Although the number of bits of the counter 6 in the above embodiment is 4 bits, the number of bits of the counter 6 is not limited to 4 bits. Furthermore, the data preset in the counter 6 can be changed as appropriate.

〔Effect of the invention〕

According to this invention, the level of the peak value of the data of the pseudo video signal is detected, and the dark value is approximately l/2 of this peak value.
It is always set so that Therefore, the optimal darkness value is always set according to the output level of the VTR. However, the point of change in the darkness value is within the vertical blanking interval. Therefore, you can set the optimal darkness value no matter what kind of VTR you use, and even if the output level of the VTR fluctuates,
Along with this, the darkness value is automatically reset to the optimal value.
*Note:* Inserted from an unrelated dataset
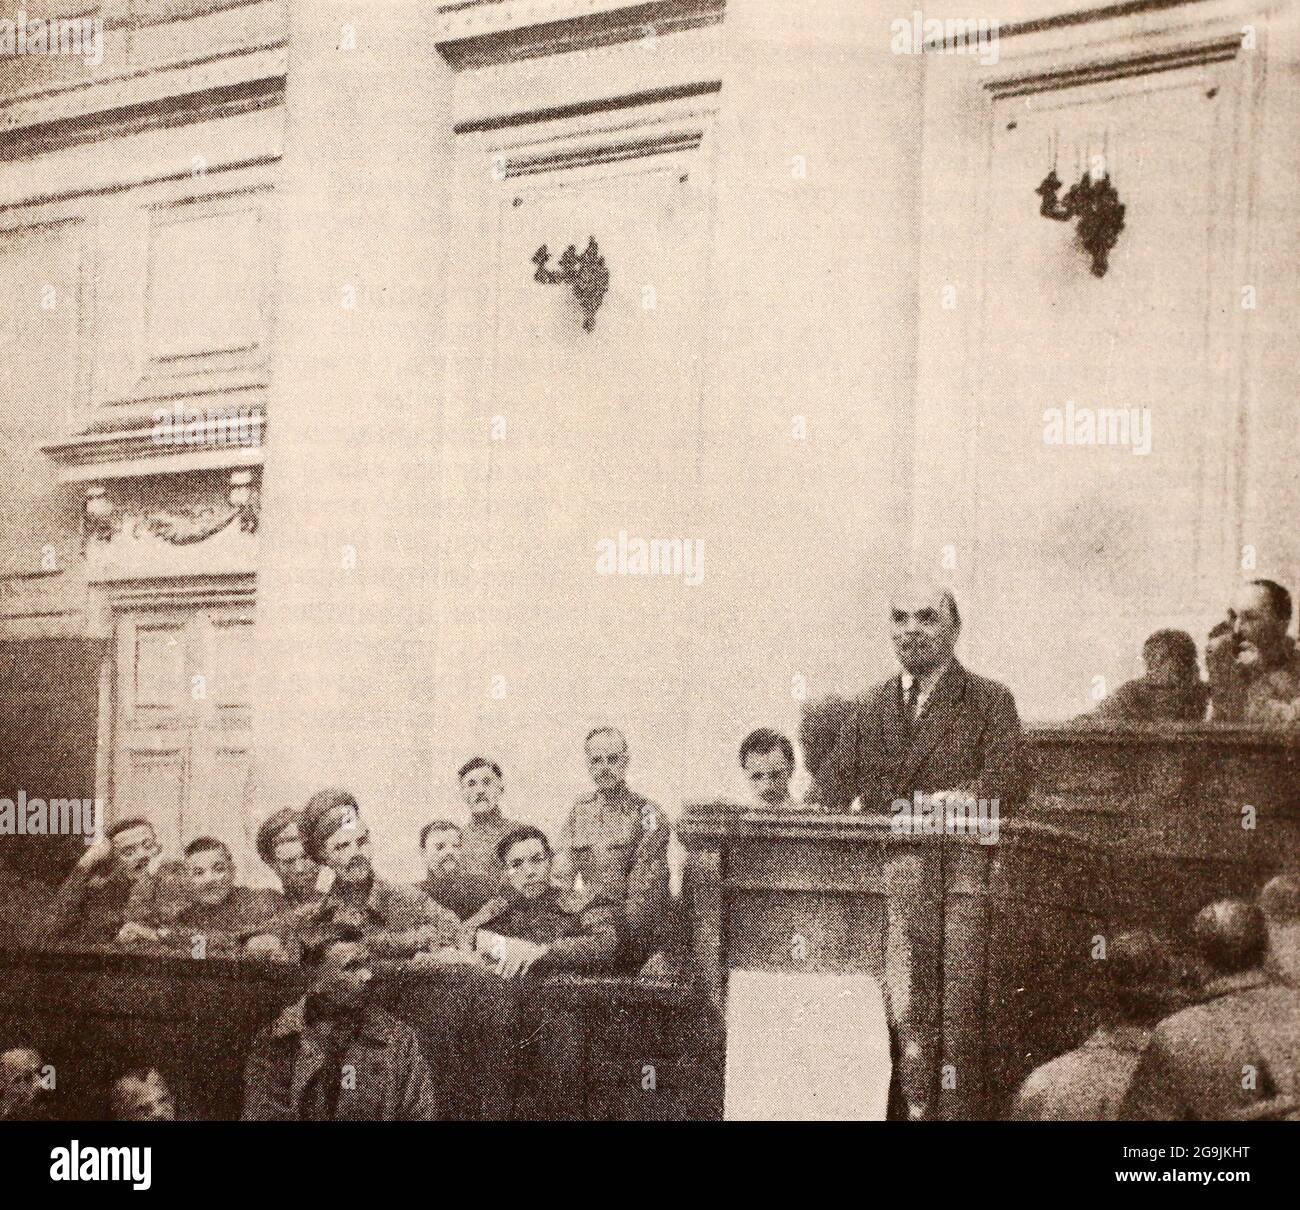 Vladimir Lenin's speech at the Tauride Palace on April 4, 1917. Stock Photo

Therefore, according to the present invention, it is possible to improve the error rate.

[Brief explanation of the drawing]

FIG. 1 is a block diagram of an embodiment of the present invention, and FIG. 2 is a waveform diagram used to explain the embodiment of the invention. 1: VTR12: Clamp circuit, 3.4: ': 1 amparator, 5: Vertical synchronization signal input terminal, 6: Counter, 7
: Counter controller, 11: Gate circuit, 12,1
4: D/A converter, 13: latch circuit, 15 two output terminals.

Claims (1)

[Claims] a clamp circuit, a counter that performs a counting operation using a clock every predetermined cycle, a first D/A converter that converts the output of this counter into an analog signal, and an output of the clamp circuit and the first D/A converter. a detection circuit that compares the outputs of the first D/A converter and detects that the output of the first D/A converter exceeds the peak value of the output of the clamp circuit;
A control circuit that stops the counting operation of the counter based on the output signal of the detection circuit and causes a latch circuit to latch the output of the counter at that time, and a second D/A that converts the output of the latch circuit into an analog signal. A digital data reproducing circuit comprising: a converter; and a comparator circuit supplied with the output of the second D/A converter and the output of the clamp circuit and outputting a digital signal.